Symmetrical Visual Contrastive Optimization: Aligning Vision-Language Models with Minimal Contrastive Images
Shengguang Wu, Fan-Yun Sun, Kaiyue Wen, Nick Haber

TL;DR
This paper introduces S-VCO, a novel finetuning method for vision-language models that improves visual grounding and reduces hallucinations by emphasizing fine-grained image details and alignment with text, using a new dataset and contrastive optimization.
Contribution
We propose S-VCO, a symmetrical contrastive optimization technique, and MVC, a challenging dataset for better visual-text alignment in vision-language models.
Findings
Up to 22% reduction in hallucinations.
Significant improvements in vision-centric tasks.

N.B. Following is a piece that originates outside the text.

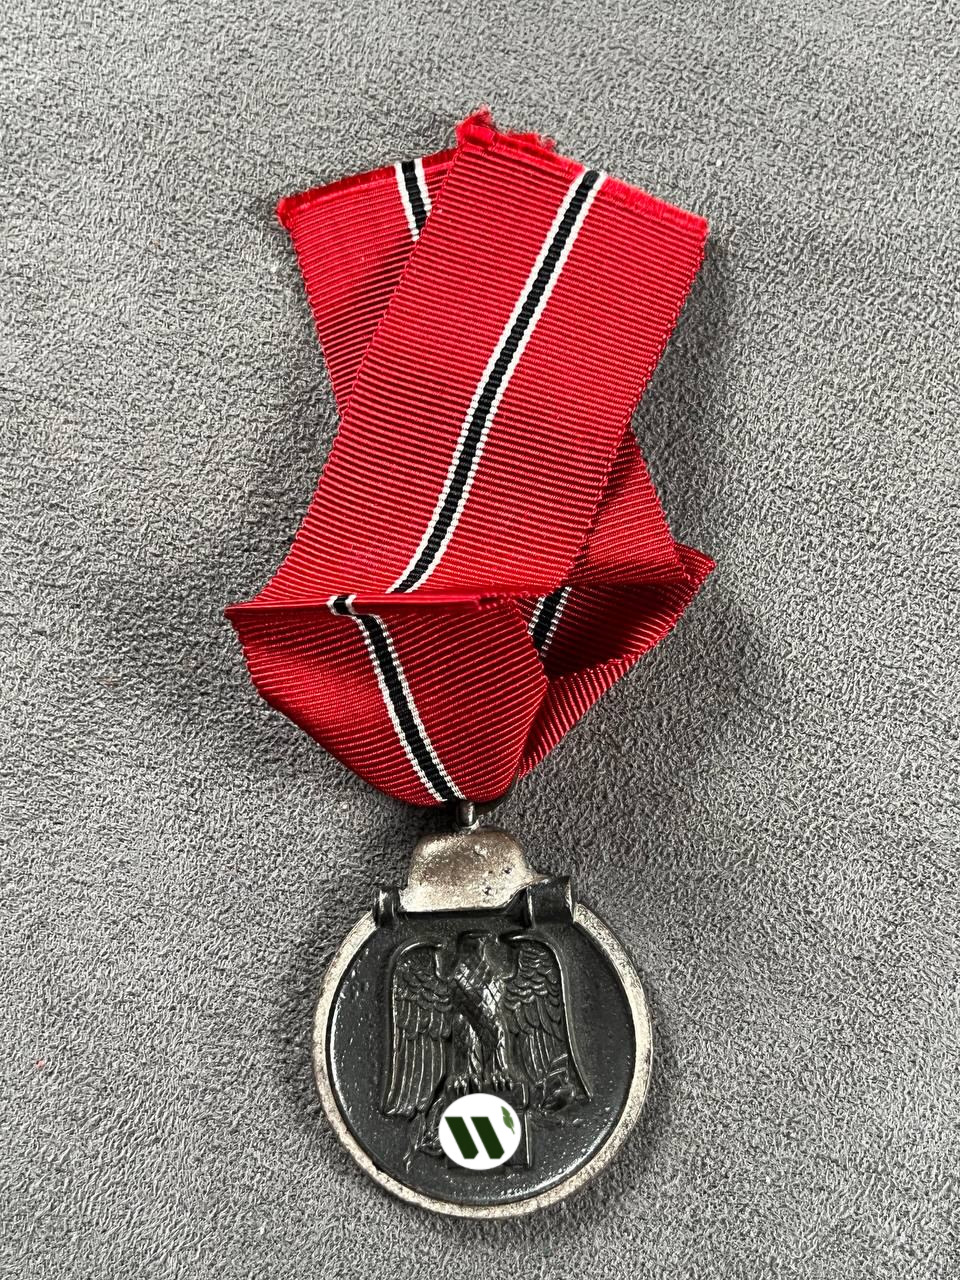 Медаль «За зимнюю кампанию на Востоке 1941/42» От Алексея Сильченко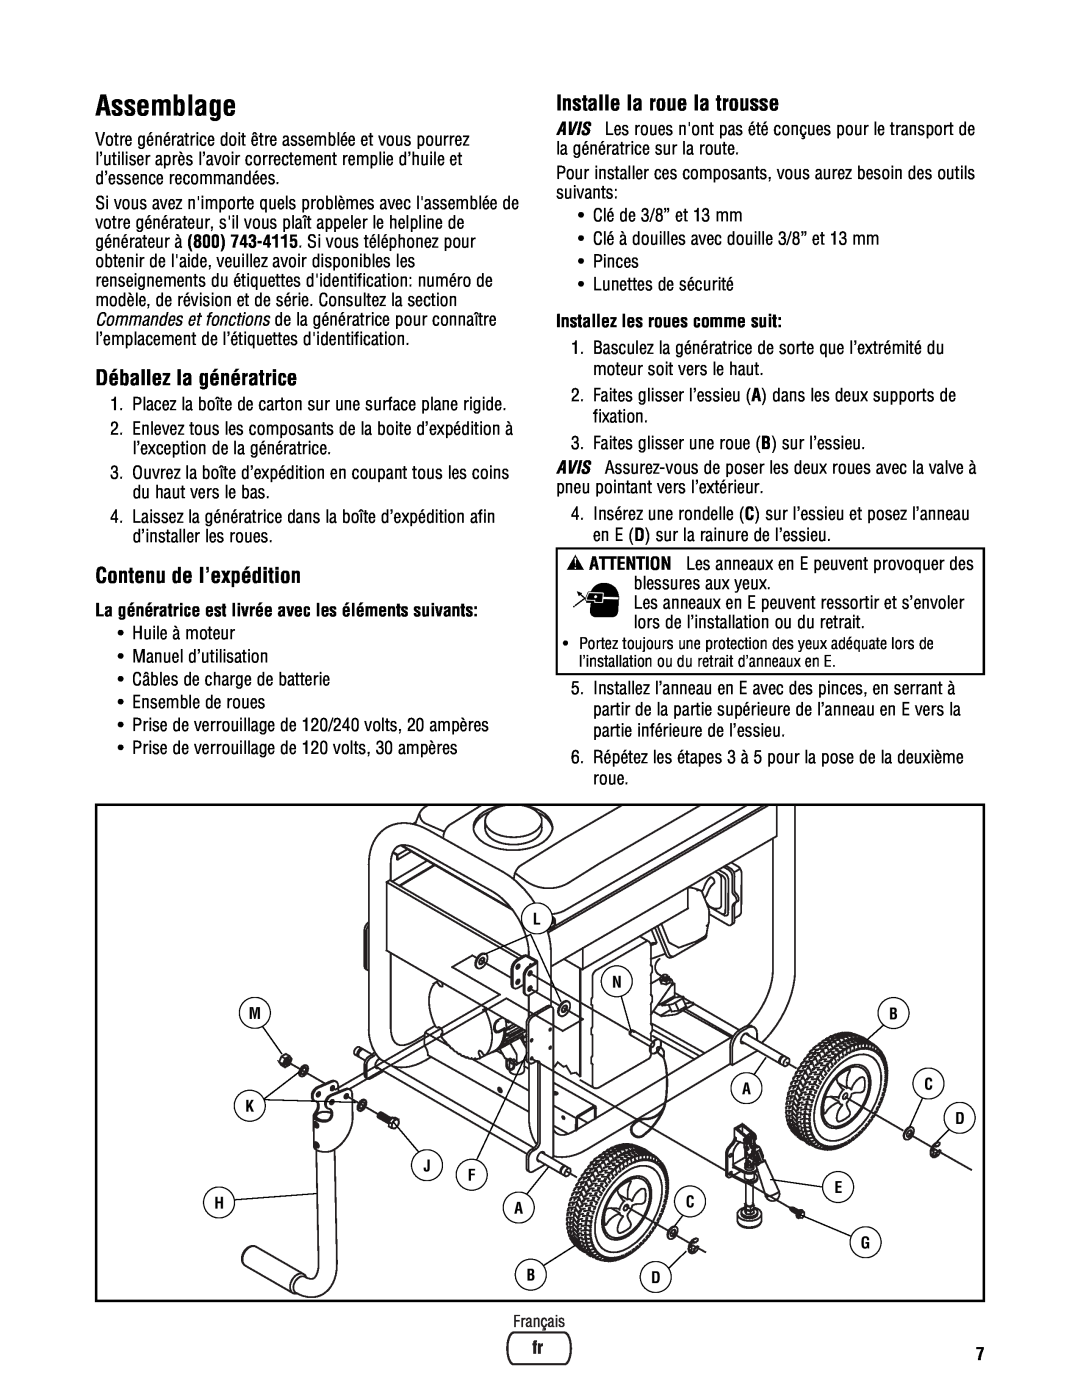 Briggs & Stratton PRO4000 manual Assemblage, Déballez la génératrice, Contenu de l’expédition, Installe la roue la trousse

Enhanced performance on diverse benchmarks.
Abstract
Recent studies have shown that Large Vision-Language Models (VLMs) tend to neglect image content and over-rely on language-model priors, resulting in errors in visually grounded tasks and hallucinations. We hypothesize that this issue arises because existing VLMs are not explicitly trained to generate texts that are accurately grounded in fine-grained image details. To enhance visual feedback during VLM training, we propose S-VCO (Symmetrical Visual Contrastive Optimization), a novel finetuning objective that steers the model toward capturing important visual details and aligning them with corresponding text tokens. To further facilitate this detailed alignment, we introduce MVC, a paired image-text dataset built by automatically filtering and augmenting visual counterfactual data to challenge the model with hard contrastive cases involving Minimal Visual Contrasts. Experiments show…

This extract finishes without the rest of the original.